Se calhar é por aí que vamos ver o atenuar desta questão, abrindo do ponto de vista económico. Há um fortíssimo lobby das empresas americanas para aumentar e intensificar as relações económicas com a China. É preciso também não esquecer que a China está fechada. A China com a covid-zero também se tornou fechada, o que não ajuda muito. Essa é outra razão para a China não querer um conflito armado com Taiwan neste momento porque também está a passar por dificuldades económicas fruto da pandemia. Apesar de tudo, eu acho que o diálogo e a cooperação económica agora seriam muito bem-vindos para atenuar.

Esta tal tensão entre a China e os Estados Unidos beneficia naturalmente a posição de Putin, portanto, até por aí seria uma derrota [para Putin] se houvesse um diálogo mais forte entre a China e os Estados Unidos.

Abordou, no início da conversa, o perfil de Nancy Pelosi. Ela é uma das principais vozes críticas contra a China e, por isso, “persona non grata” em Pequim por vários motivos. Queria pedir-lhe para nos recordar os principais episódios que o mostram, desde a condenação a Tiananmen, à recepção de activistas pró-democracia de Hong Kong no Capitólio, às referências à situação dos uigures…

O episódio mais marcante do percurso de Nancy Pelosi em relação à China, quando ela era ainda uma congressista muito nova, foi a crise de Tiananmen, em 1989, e aquelas vítimas todas.
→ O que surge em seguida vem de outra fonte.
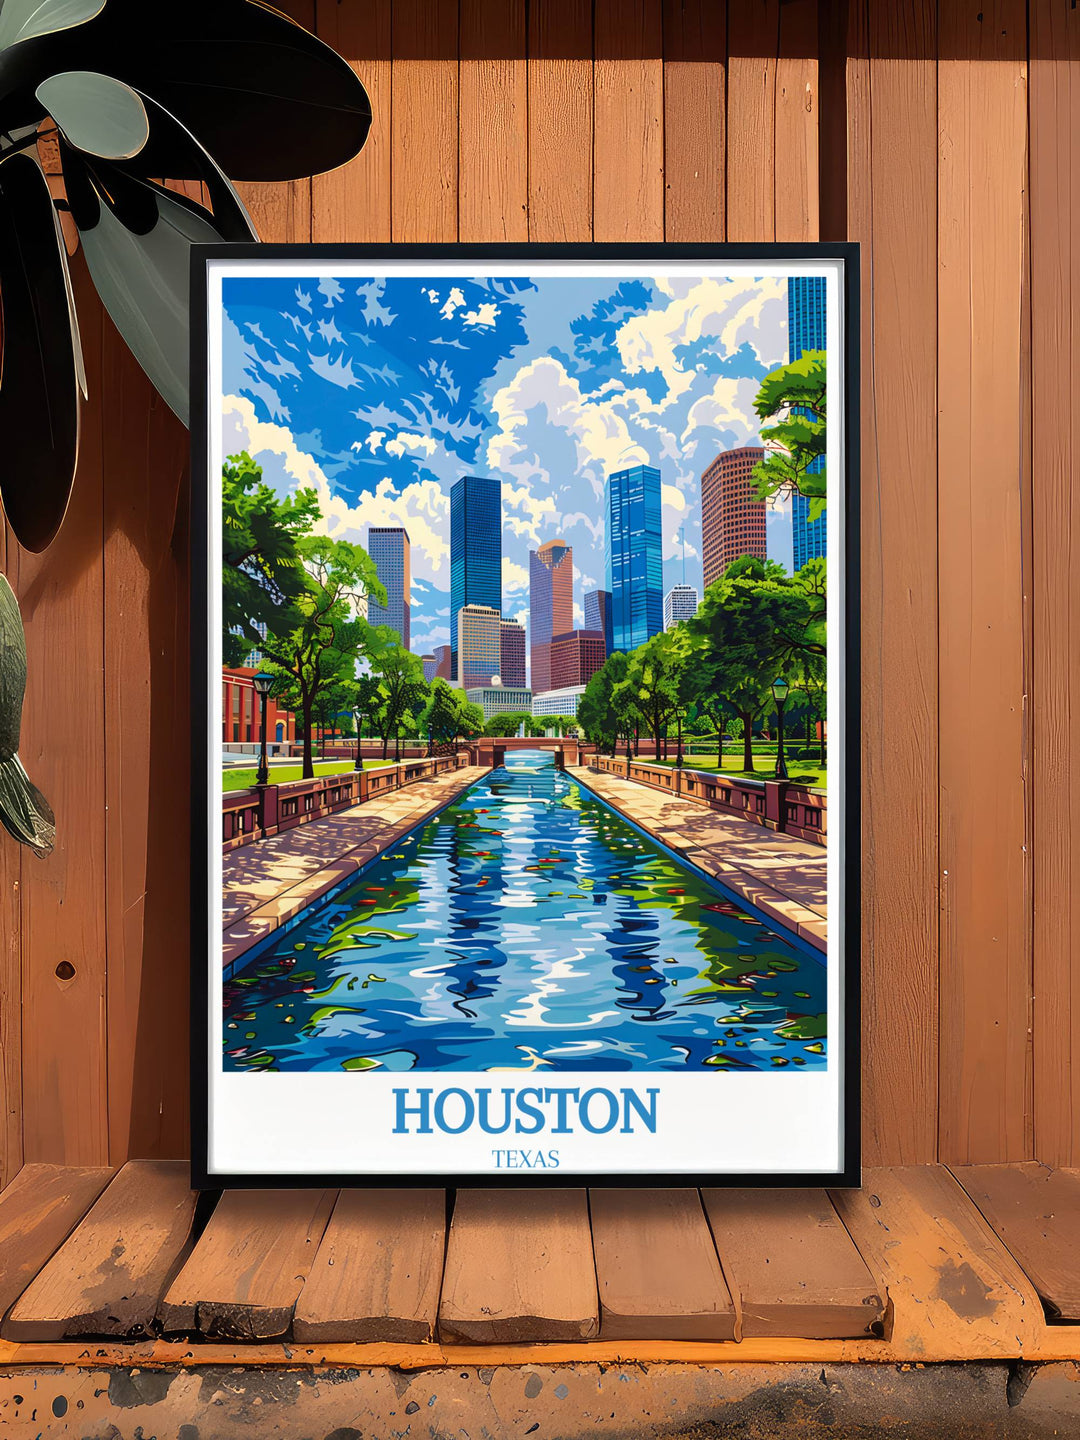 Housewarming gift idea: a beautifully framed Houston Texas Travel Print, depicting iconic scenes from around the city, perfect for new homeowners or as a memorable gift.

Ela foi uma fervorosa lutadora para que a China fosse condenada, para que fossem aplicadas sanções. Dois anos depois, numa comitiva do Congresso, com outros dois congressistas, vai à Praça Tiananmen, abre uma faixa no meio da praça onde diz “Por aqueles que morreram, pela democracia na China”. Evidentemente, apareceu logo a polícia por todos os lados, tiraram a faixa, afastaram os congressistas, prenderam alguns jornalistas que, entretanto, registaram o momento. Este é o principal incidente entre Nancy Pelosi e a China mas, depois disso, teve sempre intervenções muito críticas em relação, por exemplo, à questão dos direitos humanos.

Por exemplo, é muito curioso porque ela é a representante da Califórnia. Ora, a Califórnia tem imensas empresas da área tecnológica – Silicon Valley e por aí fora - que têm no mercado chinês um excelente mercado para desenvolver actividade económica. Mesmo assim, ela insurgiu-se contra a transferência de tecnologia dessas empresas americanas para a China.

Também criticou, por exemplo, o estatuto de Nação mais favorecida, que é um estatuto comercial que dá condições muito favoráveis do ponto de vista comercial à China.

Depois, mais tarde, criticou a questão do Tibete, tem criticado a questão dos uigures da região do Xinjiang e também é uma voz activa em relação à democracia em Hong Kong estar a ser aniquilada.

Nancy Pelosi foi sempre uma voz activa que incomodou Pequim ao longo dos anos e é evidentemente uma figura que Pequim não olha com muito bons olhos. Não ajuda muito o facto de ter este histórico todo de afrontamento ao poder chinês, daí que a China tenha mais um factor para reagir da maneira que está a reagir.